Beliau biasa berkonsultasi dengan istri-istri Mutahrat dalam beberapa hal penting dan mementingkan nasihat mereka. Pada kesempatan Perdamaian Hudaybiyah, para Sahabat menyadari bahwa perdamaian ini dibuat berdasarkan syarat-syarat kaum musyrik di Makkah dan dengan cara tertentu kaum Muslimin telah menerima kekalahan mereka. Oleh karena itu, syarat mereka dalam bimbingan agama adalah meskipun Nabi telah mengumumkan agar ihram dibuka, namun para sahabat tidak membuka ihram, mereka ingin menunaikan umrah dan kembali. Menceritakan situasi tersebut kepada Salma, Hazrat Ummu Salma bersabda: Jangan mengatakan apa pun kepada siapa pun, lebih baik pergilah keluar dan kurbankan hewanmu dan panggil tukang cukur untuk memotong rambut. hapus Dia menyukai saran ini dan mengikutinya. Hasilnya para sahabat pun menyembelih hewannya, mencukur rambutnya, dan membuka ihramnya. (Bukhari)
Beliau (SAW) juga menjaga sepenuhnya agar pasangan Nabi (SAW) tidak disakiti olehnya. Hazrat Aisha meriwayatkan bahwa Nabi ﷺ tidak pernah mengangkat tangannya kepada istri atau pelayan mana pun, tidak pernah memukul wajah mereka. (Abu Dawud) Sebagaimana beliau ﷺ peduli terhadap kebutuhan istri-istri almarhum dan kebaikan mereka, beliau juga tertarik pada pelatihan mereka. Ikut beribadah. (Tirmidzi) mengajarkan Hazrat Aisha Dua Shab Qadr: “Ya Allah! Sesungguhnya Engkau Maha Pemaaf dan Mencintai ampunan, maka ampunilah aku.” (Sunan Ibnu Majah)
Pada suatu kesempatan beliau bersabda kepada Hazrat Aisyah, “Janganlah kamu menghitung dan menafkahkan, agar kamu pun tidak terhitung di sisi Allah, yaitu menafkahkan dengan baik, agar kamu mendapat kebaikan dari Allah.” (Bukhari)
Karena Rasulullah ﷺ adalah suami yang penyayang, penyayang, baik hati, menghargai, temperamental dan toleran bahkan dalam kehidupan berumah tangga. Dari kesan Sirat Tayyaba tersebut terlihat jelas bahwa di era sekarang ini, jika kita mengingat aspek cemerlang kehidupan pernikahannya, maka sebagian besar permasalahan kehidupan rumah tangga kita dapat teratasi. Lebih jelas lagi bahwa tanggung jawab mengelola hubungan perkawinan dan menyelesaikan permasalahannya berada di tangan laki-laki.
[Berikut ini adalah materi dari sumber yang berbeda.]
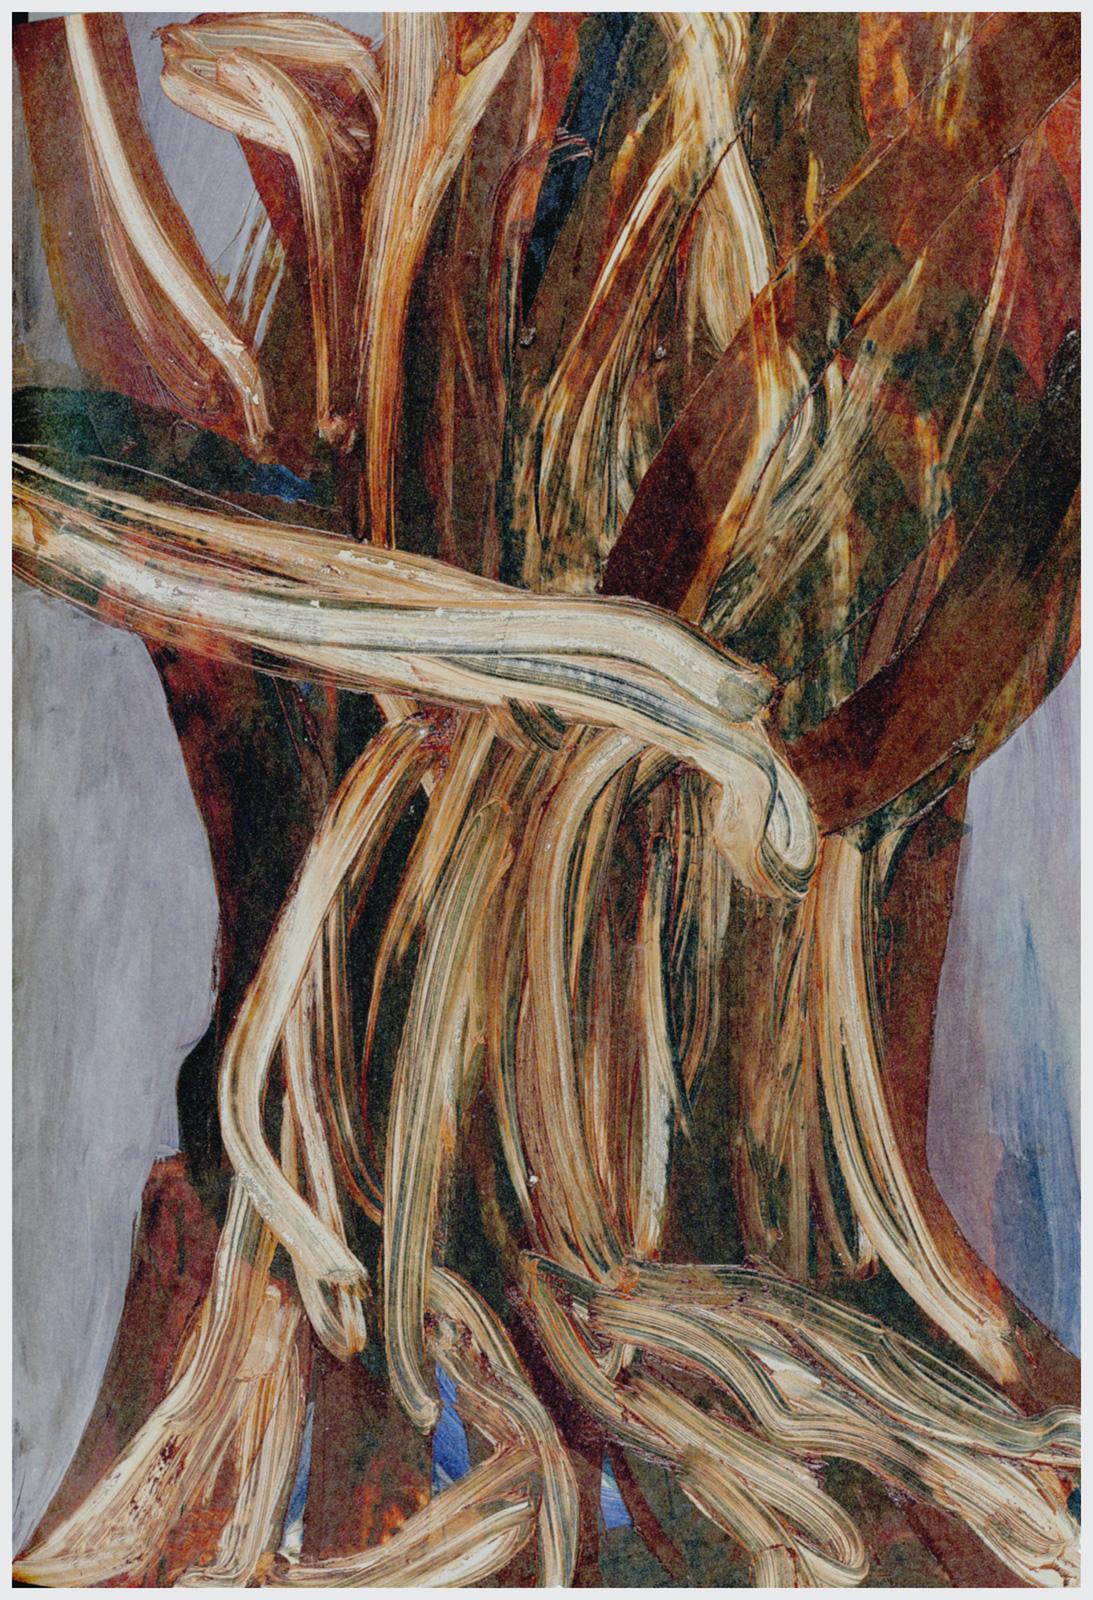 Ohne Titel, 2009, Öl auf Holz

Karena laki-laki mempunyai kesaktian dan kemampuan lebih dari seorang wanita dalam hal kemampuan dan pengertian. Oleh karena itu, jika kita tetap menjaga prinsip cemerlang Sirat Mubaraka di hadapan kita untuk membahagiakan hubungan timbal balik dalam kehidupan rumah tangga kita, maka hidup kita juga bisa bahagia dan gembira.
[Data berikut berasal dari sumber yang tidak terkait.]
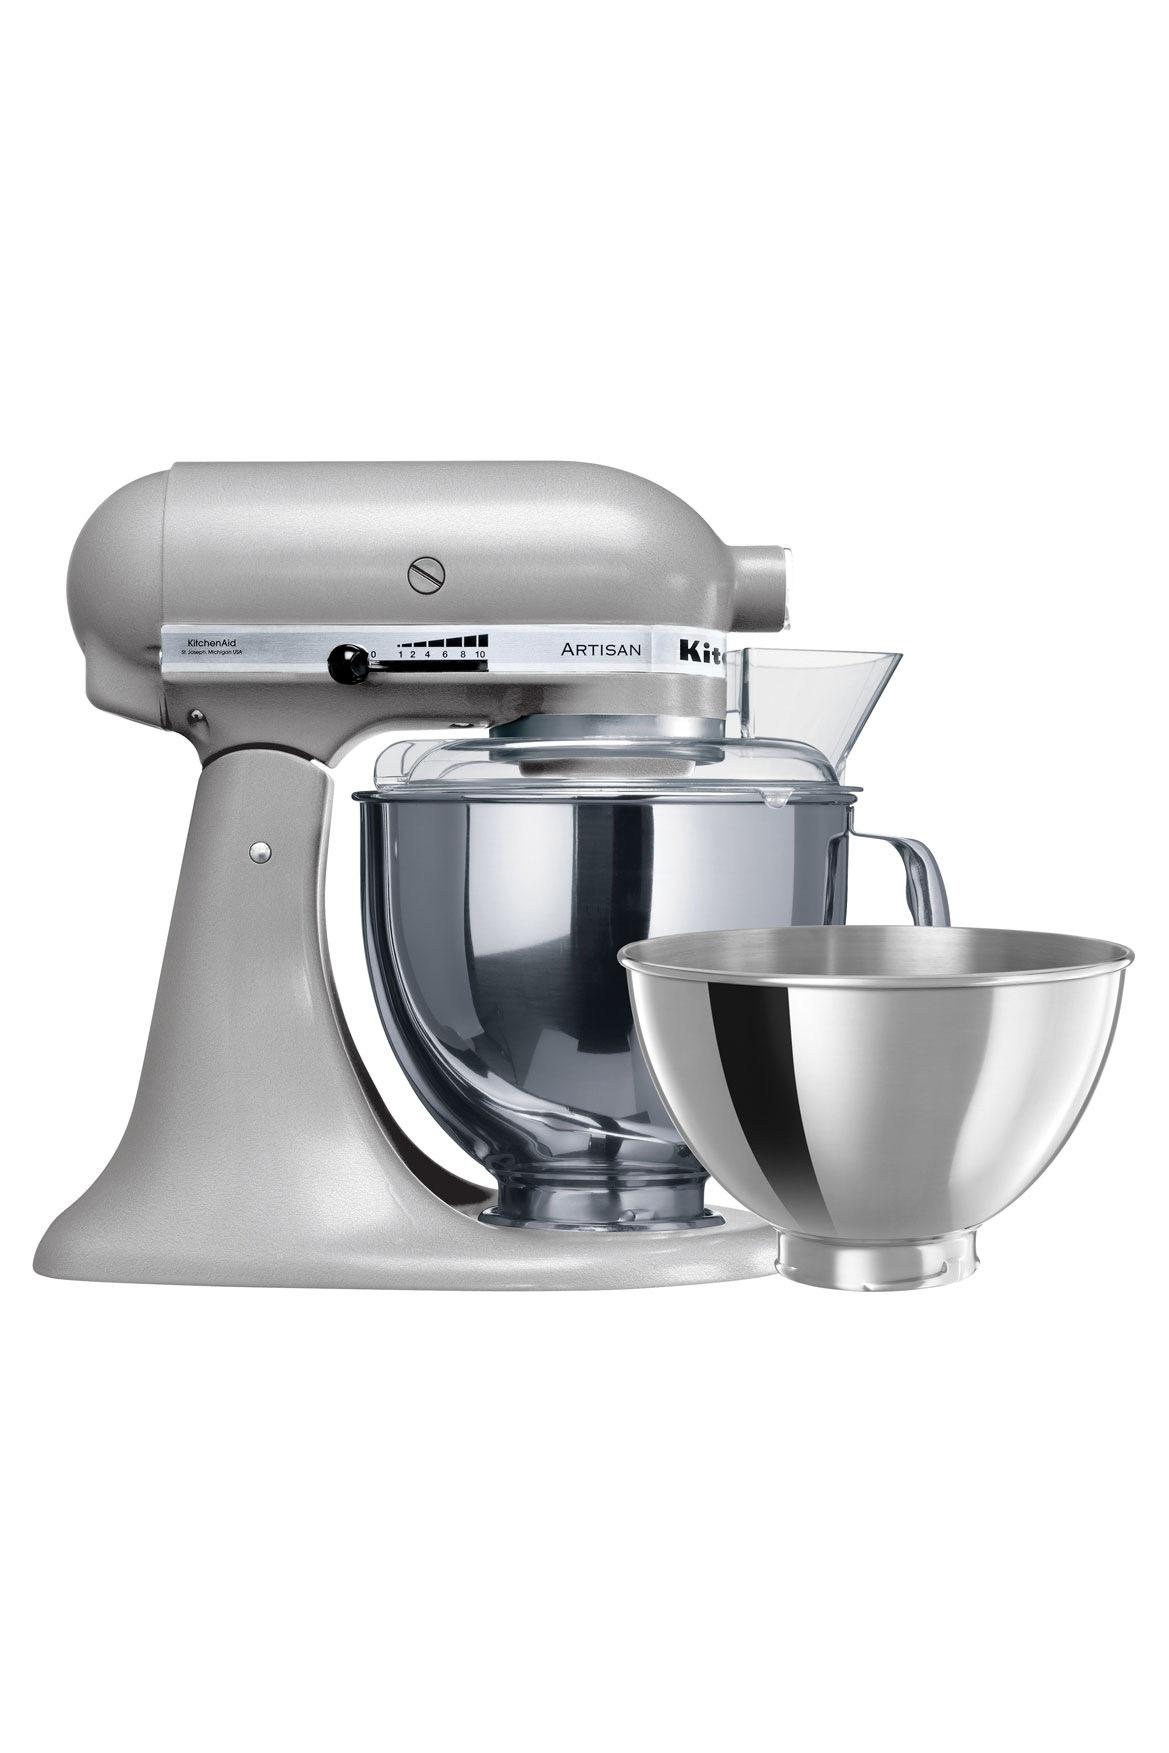 Uncategorized Myer Kitchen Appliances kitchenaid ksm160 artisan mixer silver 5ksm160psacu myer online

Semoga Allah memberi kita kehormatan untuk mengikuti jalan Nabi Muhammad SAW. Amin



Sumber

Juliana Ribeiro
Juliana Ribeiro is an accomplished News Reporter and Editor with a degree in Journalism from University of São Paulo. With more than 6 years of experience in international news reporting, Juliana has covered significant global events across Latin America, Europe, and Asia. Renowned for her investigative skills and balanced reporting, she now leads news coverage at Agen BRILink dan BRI, where she is dedicated to delivering accurate, impactful stories to inform and engage readers worldwide.